### Task instructions
An exact restatement of all the data is required, with the pictures left out.

##### Data below

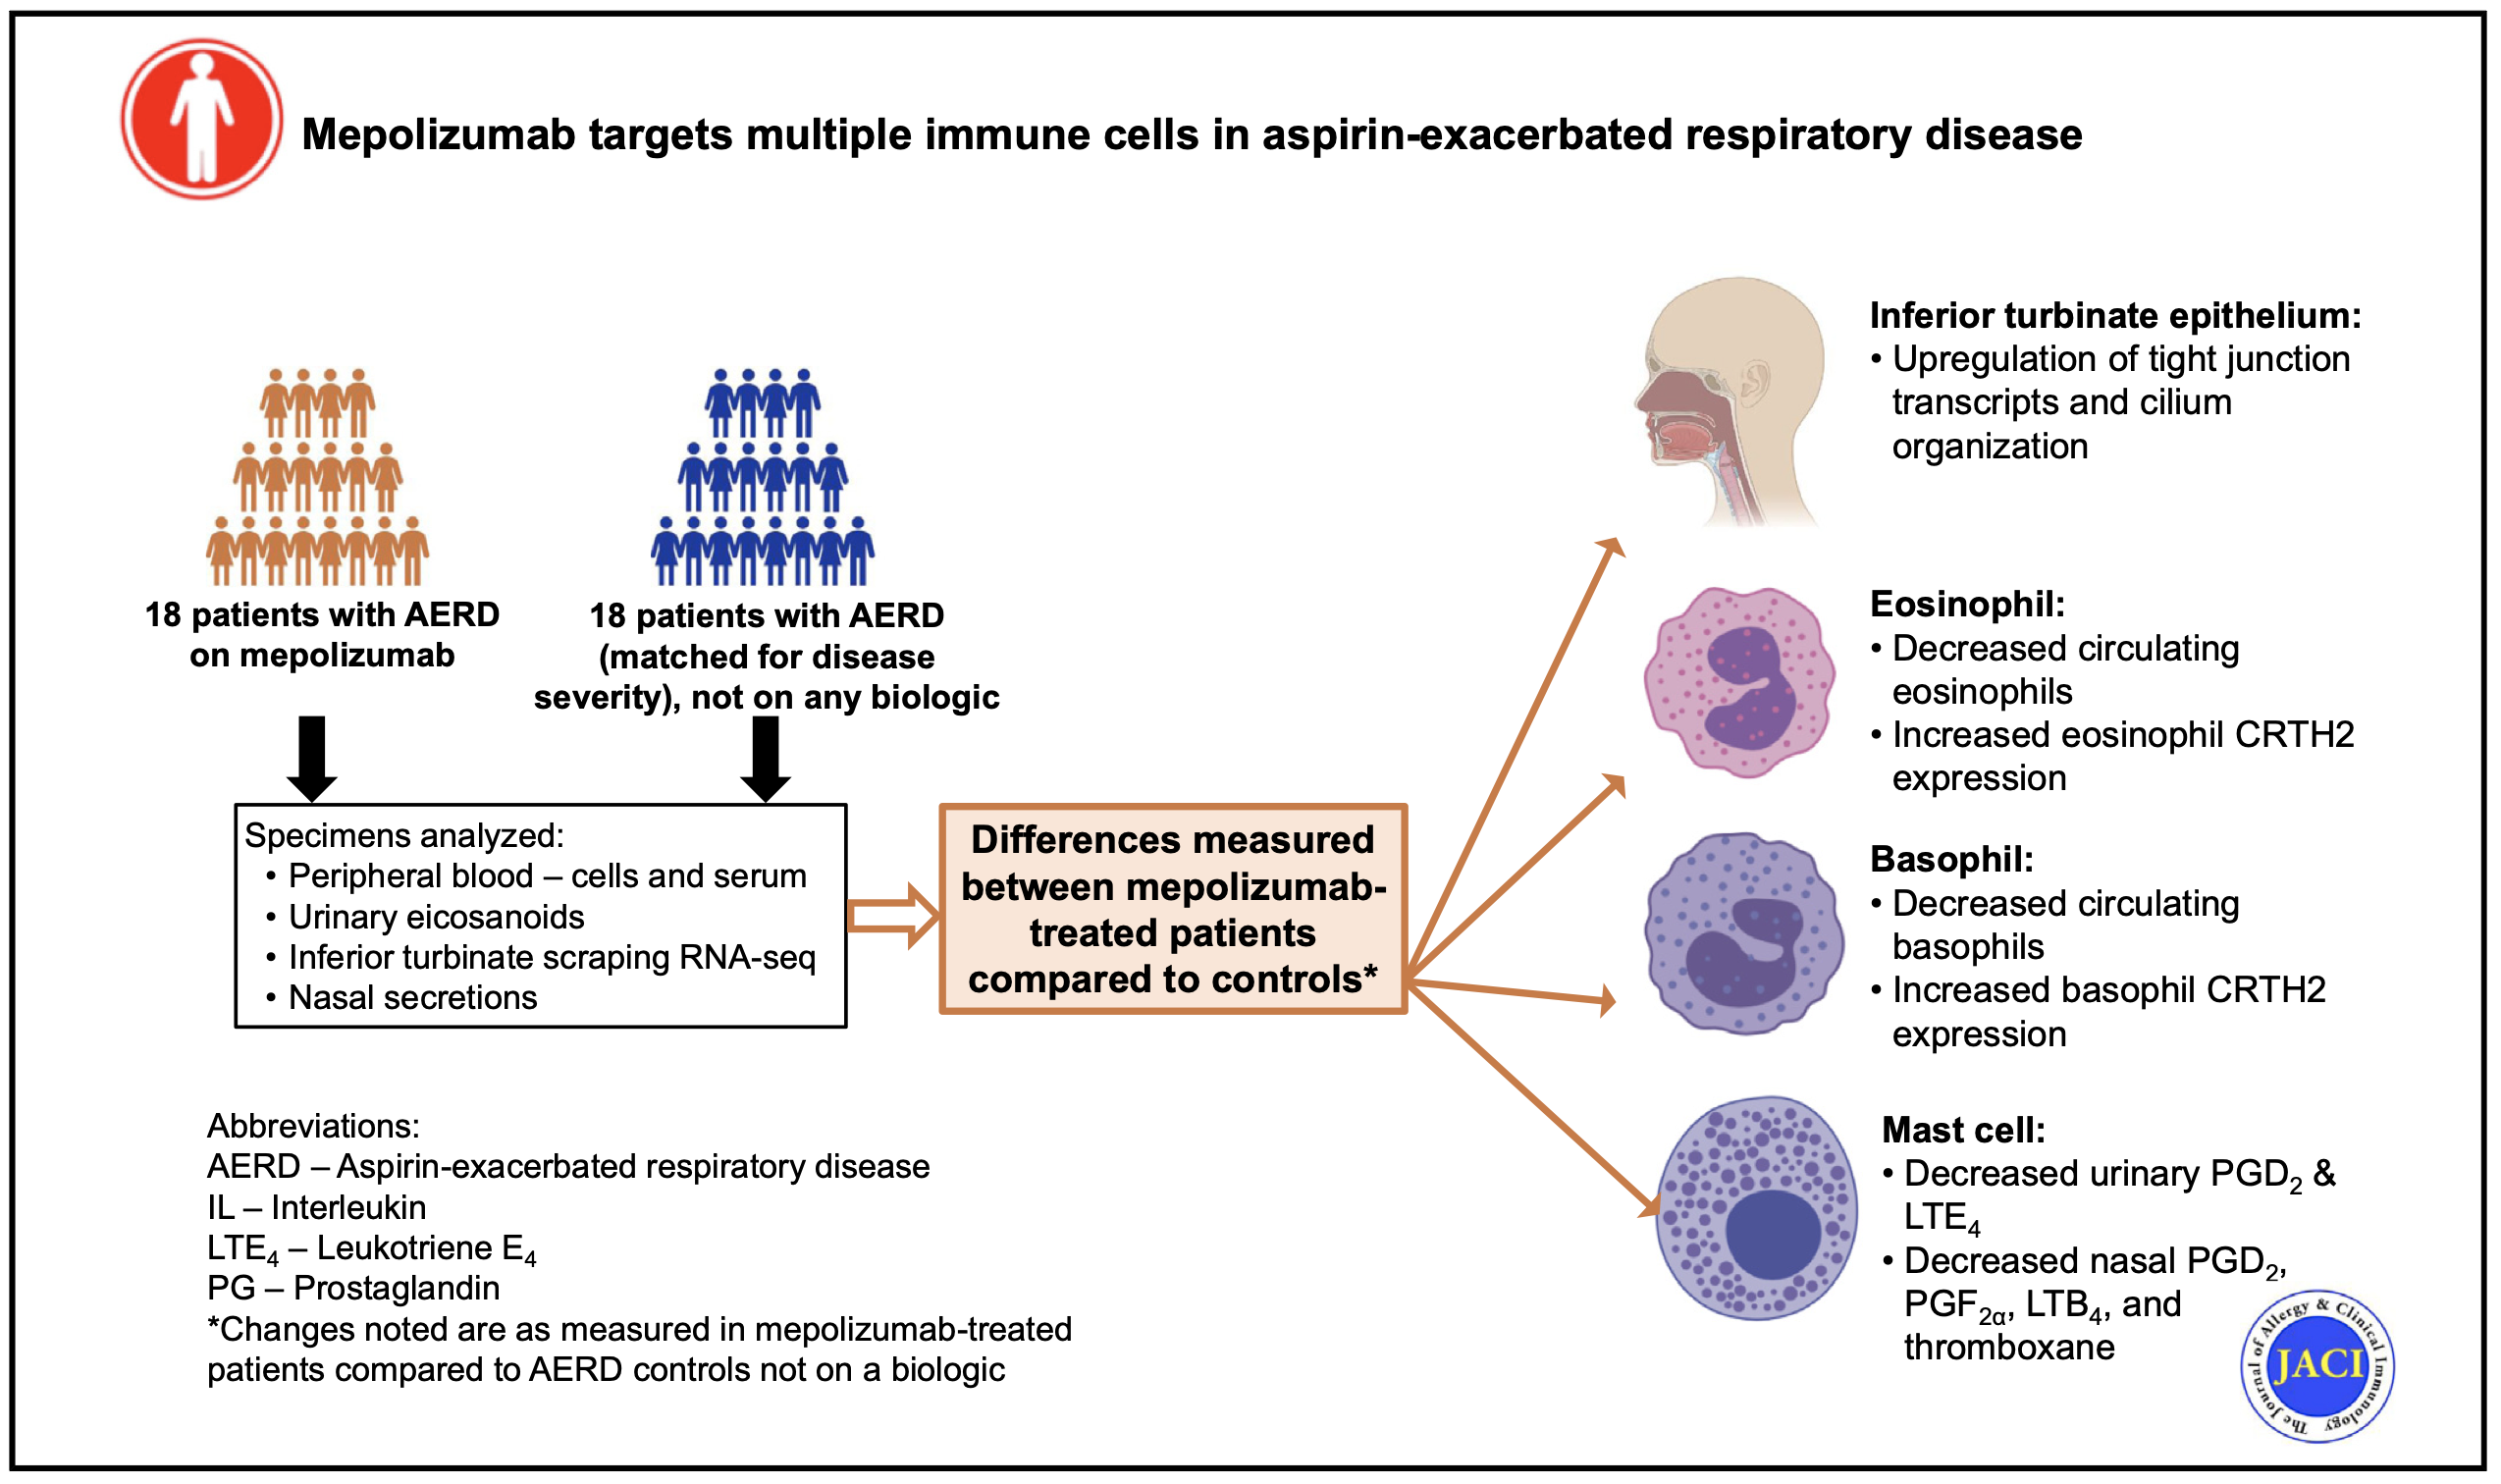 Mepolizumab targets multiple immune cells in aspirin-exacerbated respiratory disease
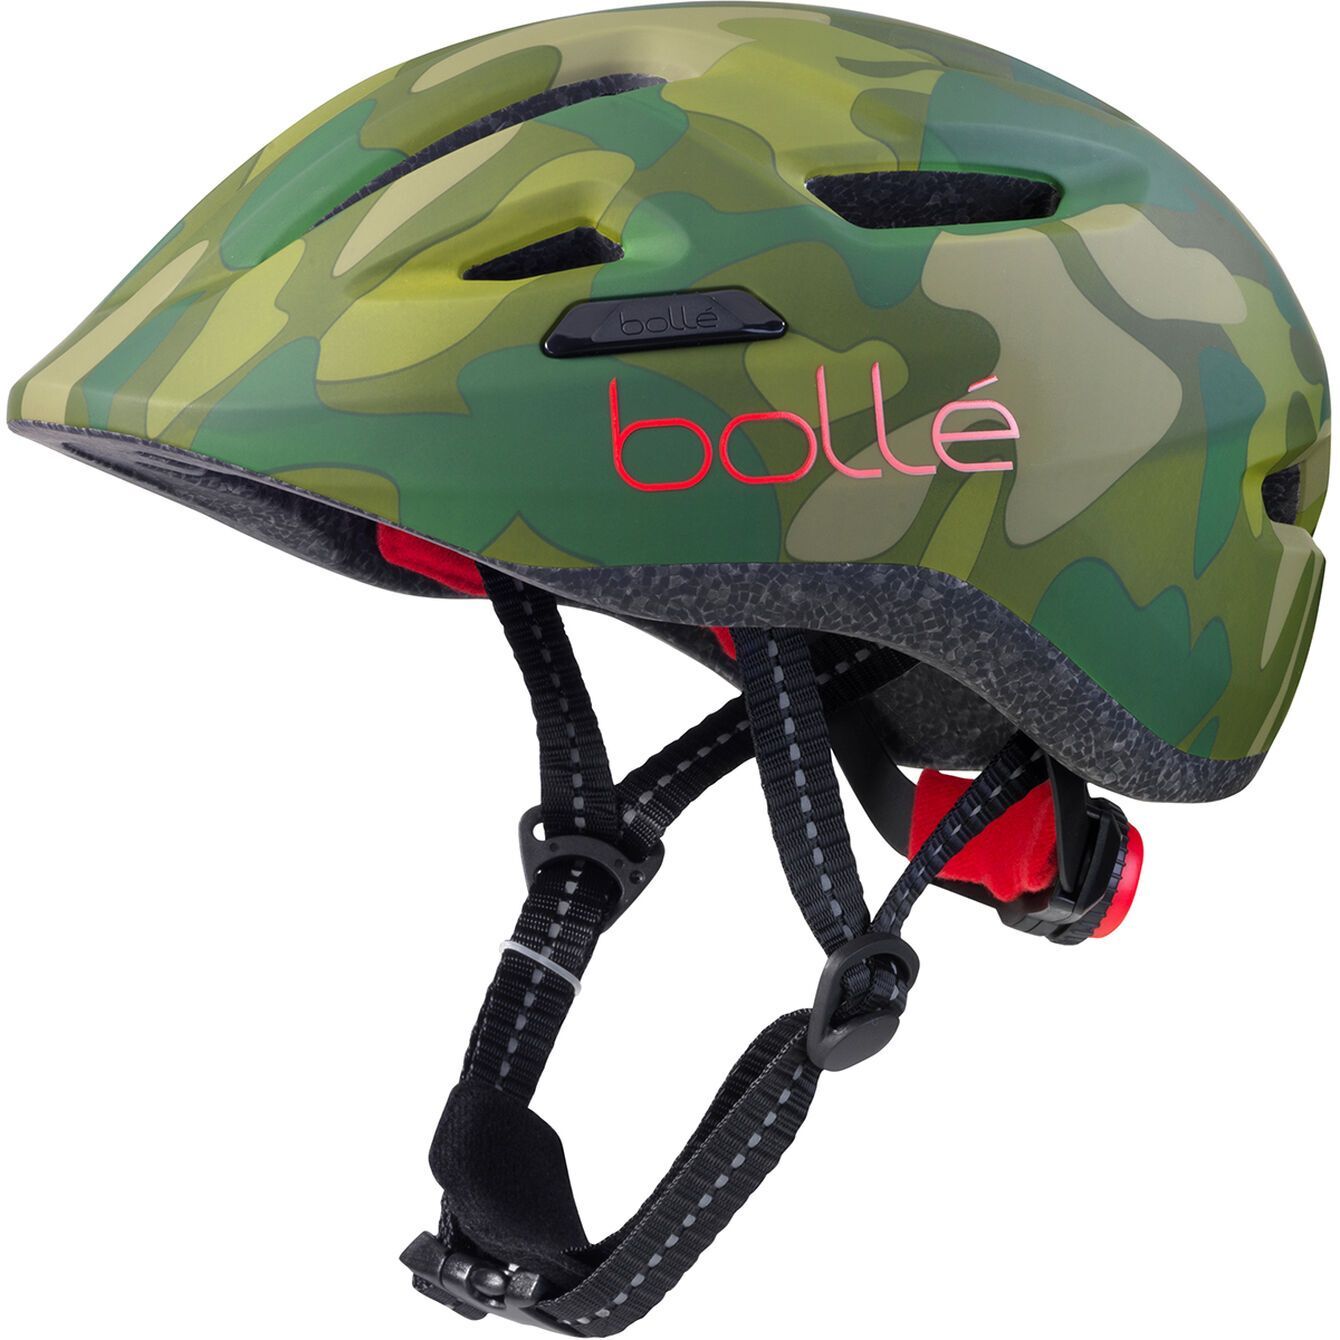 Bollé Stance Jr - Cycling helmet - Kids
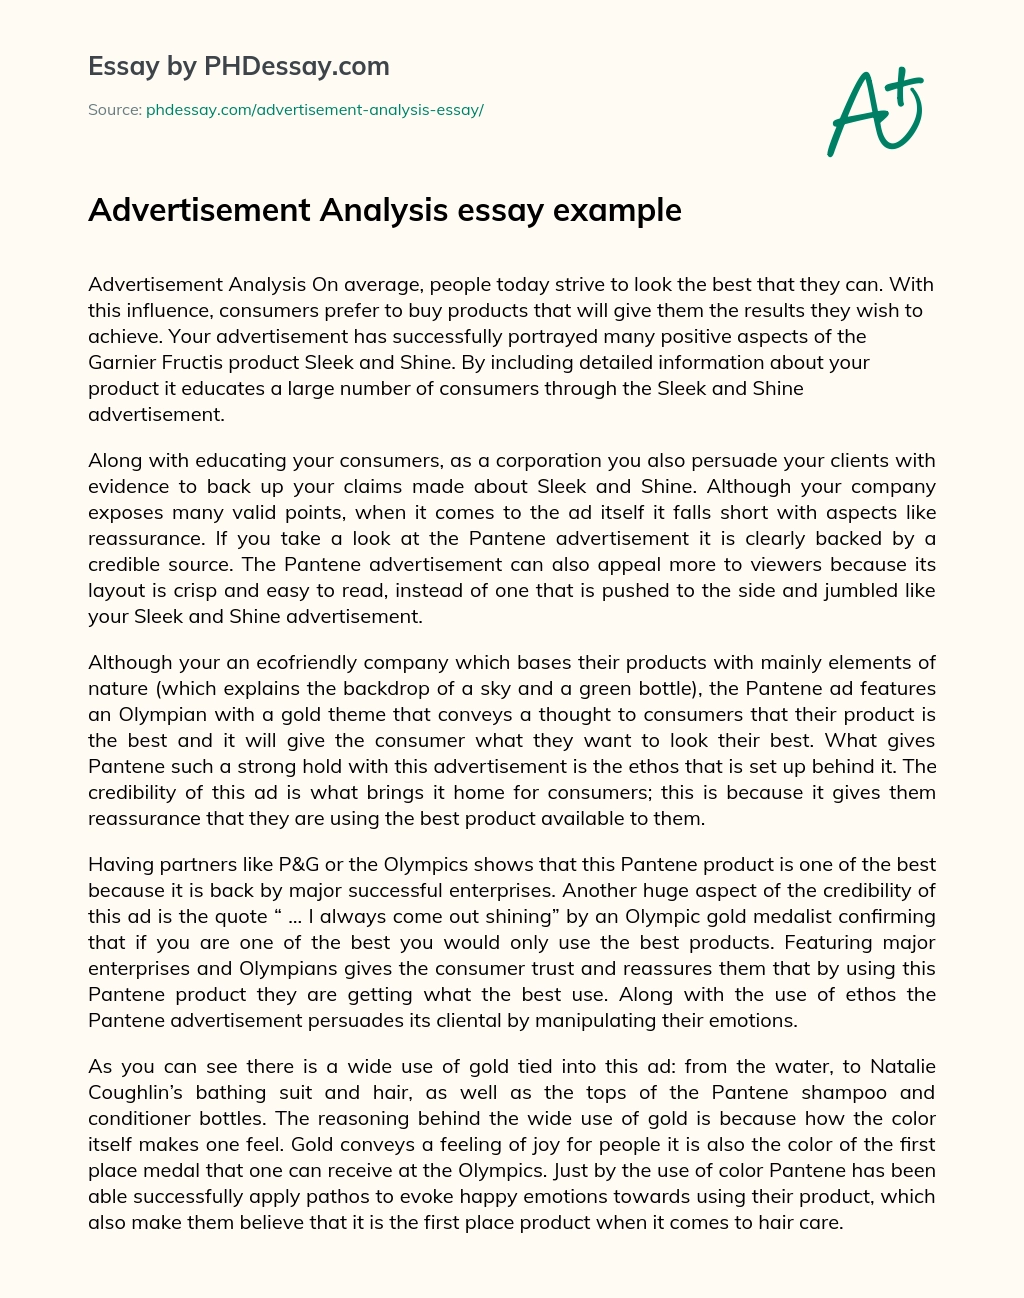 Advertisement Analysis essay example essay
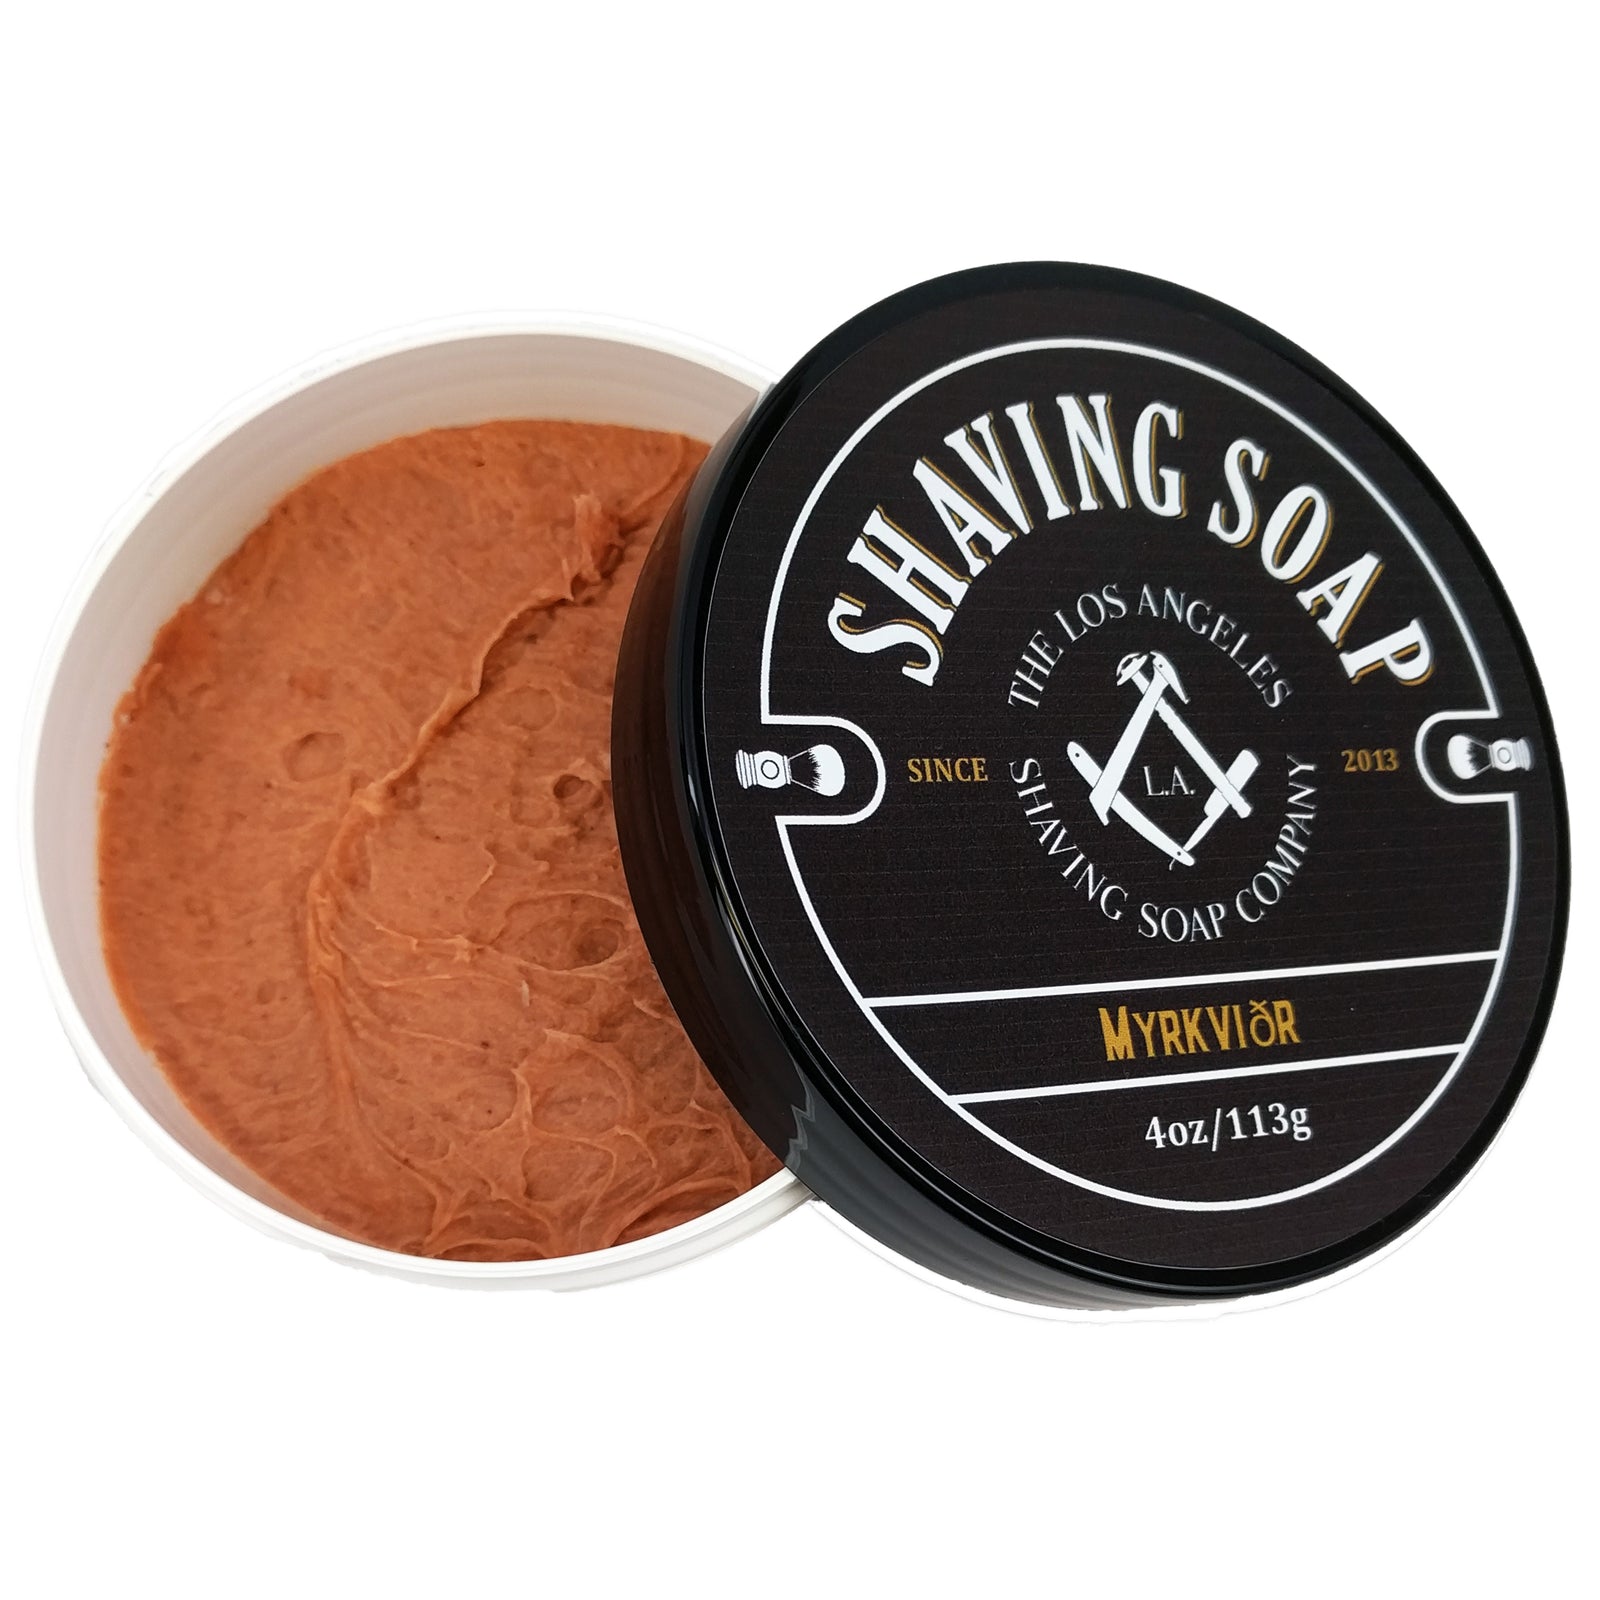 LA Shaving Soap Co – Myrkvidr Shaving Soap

##########

### Output of the exercise
 Mepolizumab targets multiple immune cells in aspirin-exacerbated respiratory disease
 Bollé Stance Jr - Cycling helmet - Kids
 Advertisement Analysis essay example essay
 LA Shaving Soap Co – Myrkvidr Shaving Soap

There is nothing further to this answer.